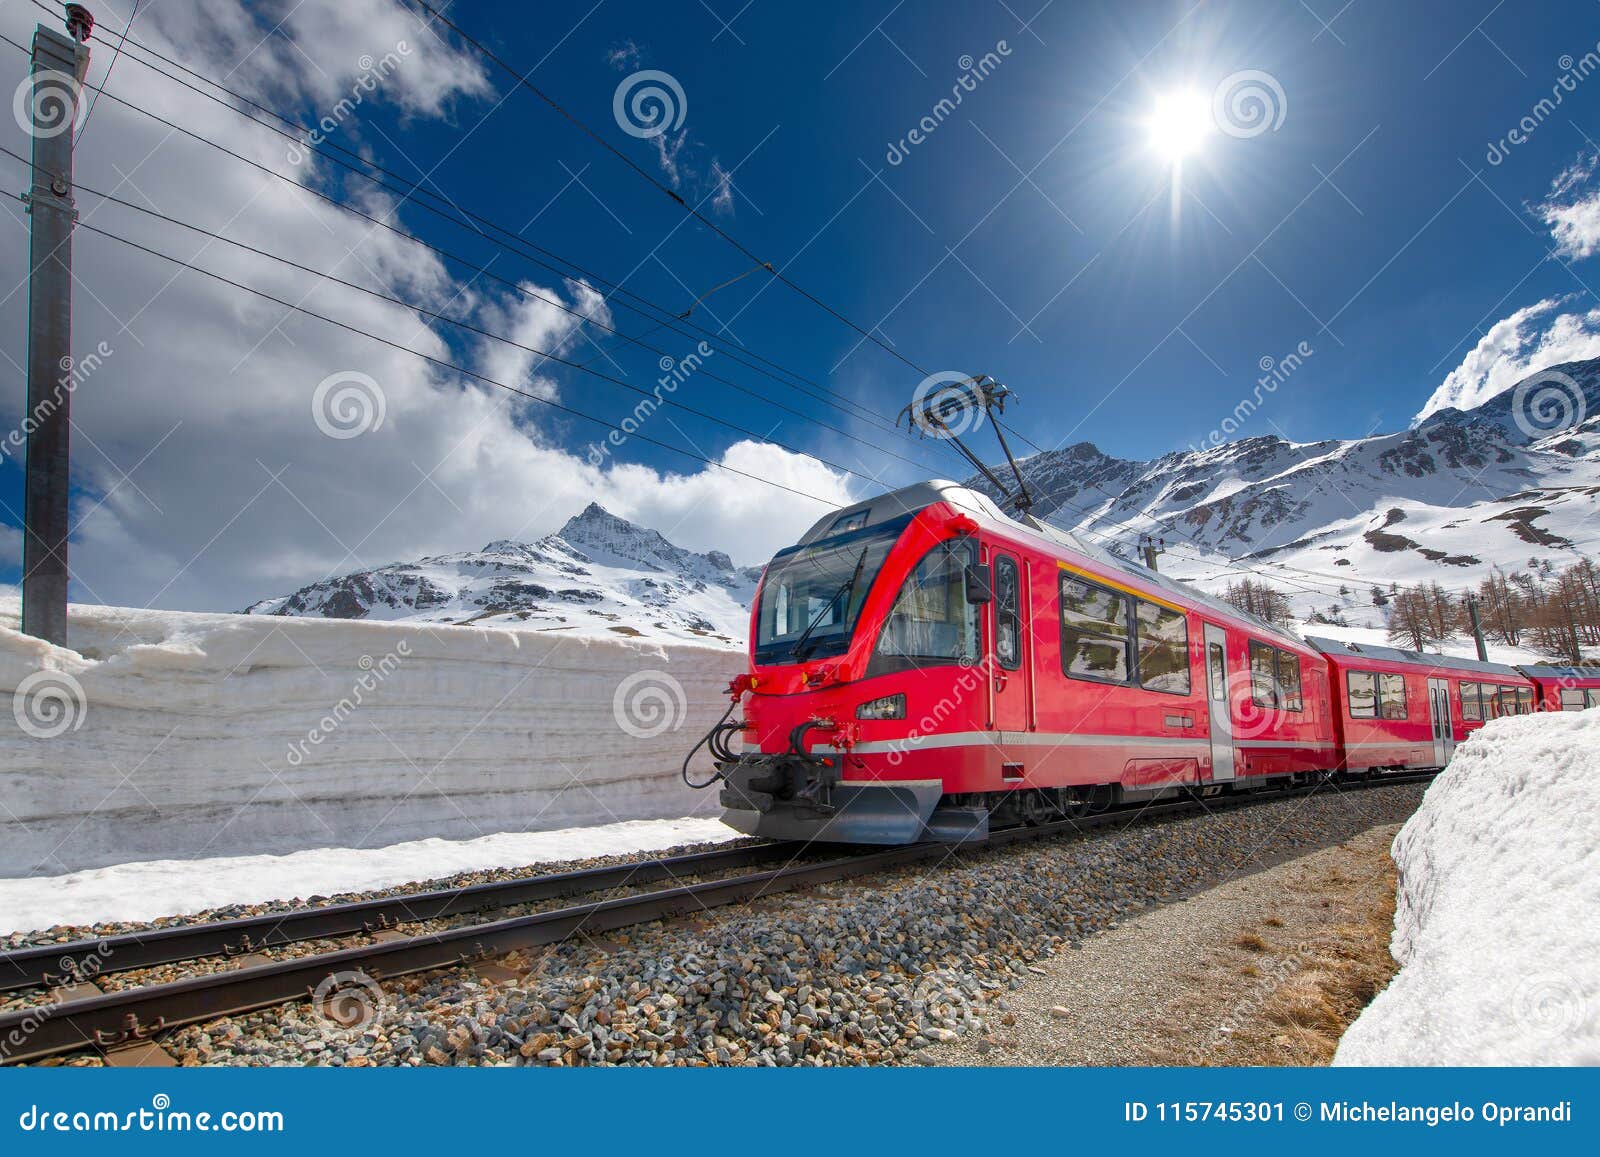 swiss mountain train bernina express crossed alps with snow wall
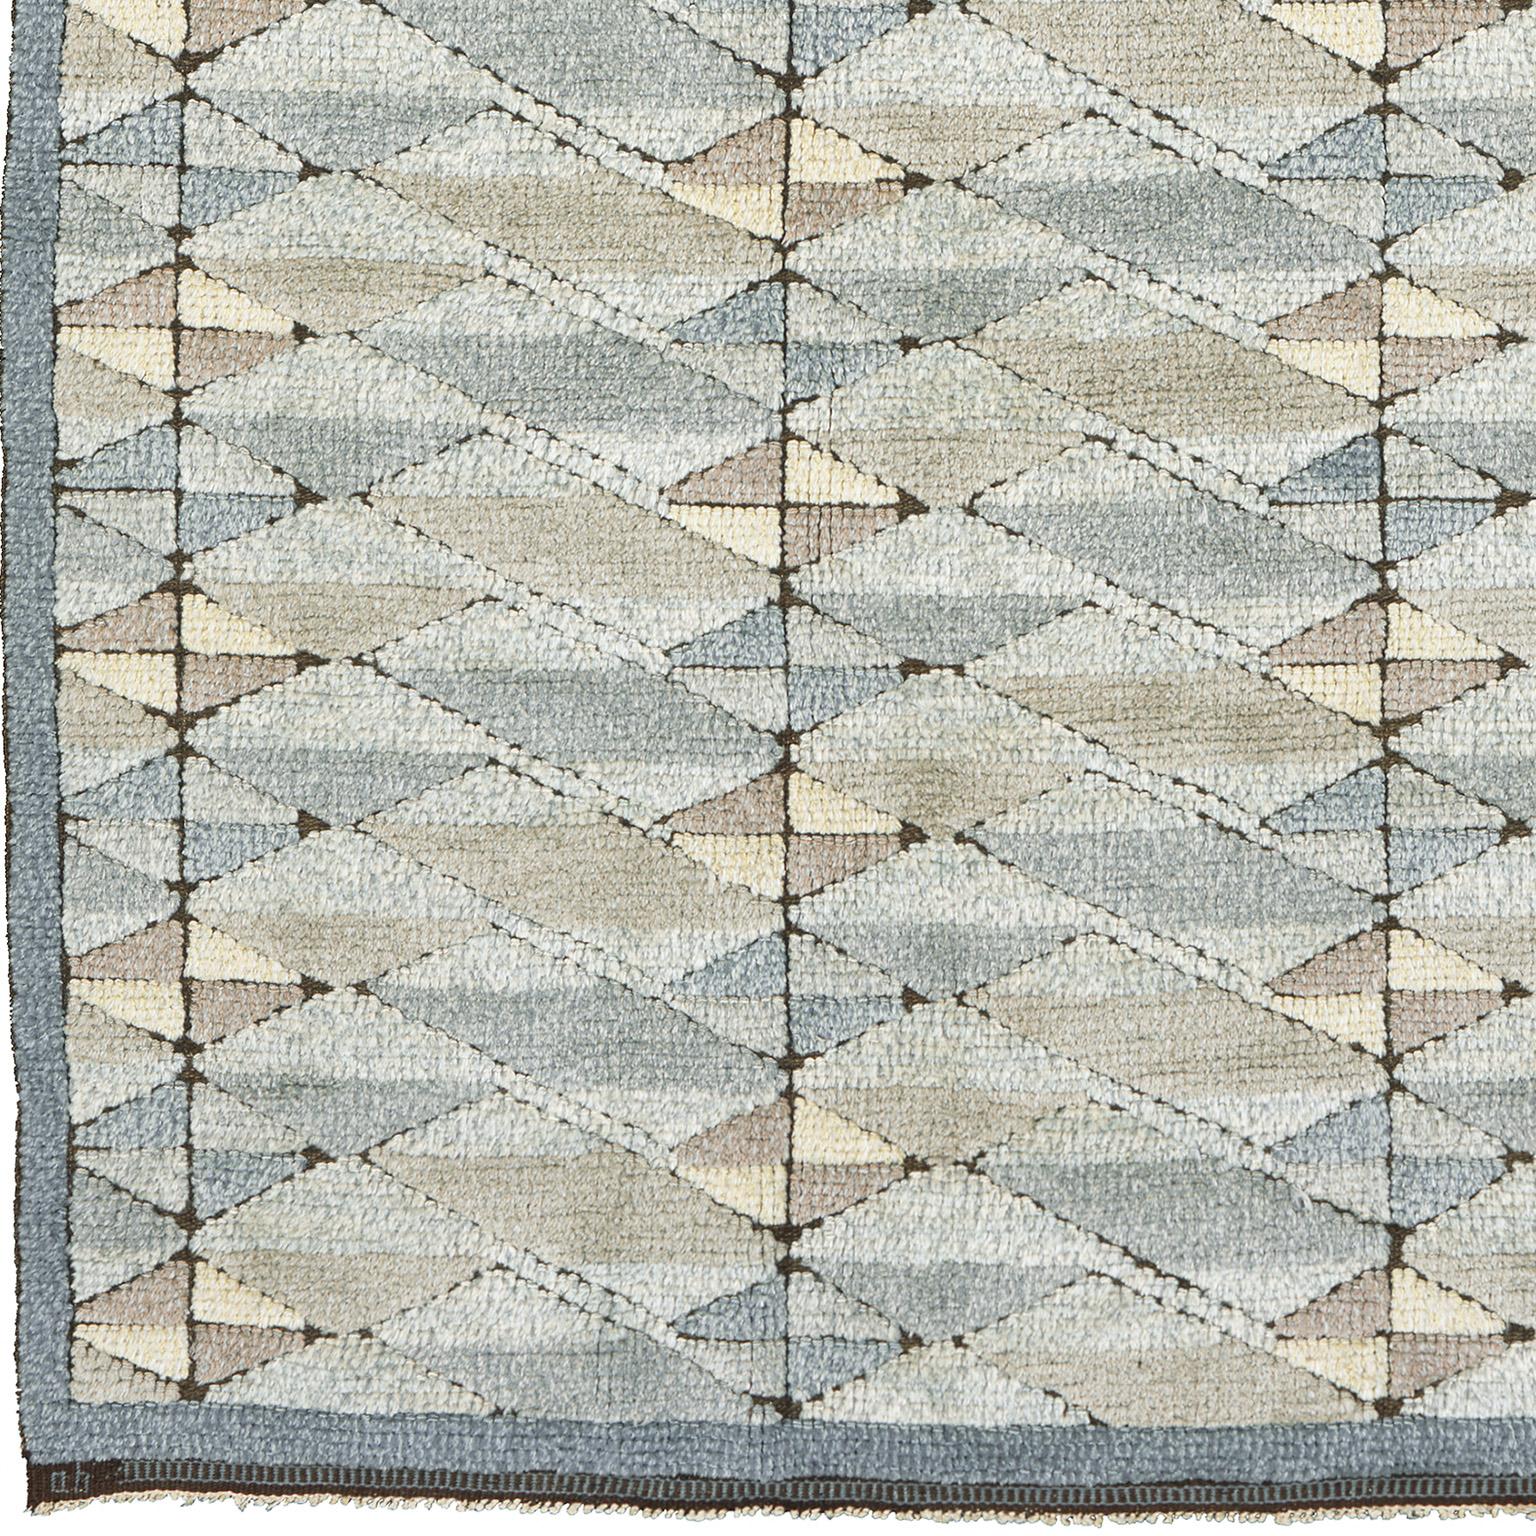 Vintage Swedish pile rug by Brita Grahn
Sweden, circa 1940-1950.
Initialled: ah.
Signed: Brita Grahn
Handwoven.

□ □ □ □

**Problem to work on**
Pictures are to be left out; everything else in the entries is reproduced verbatim.

**Response area**
 swiss mountain train bernina express crossed alps with snow wall
 Vintage Swedish pile rug by Brita Grahn
Sweden, circa 1940-1950.
Initialled: ah.
Signed: Brita Grahn
Handwoven.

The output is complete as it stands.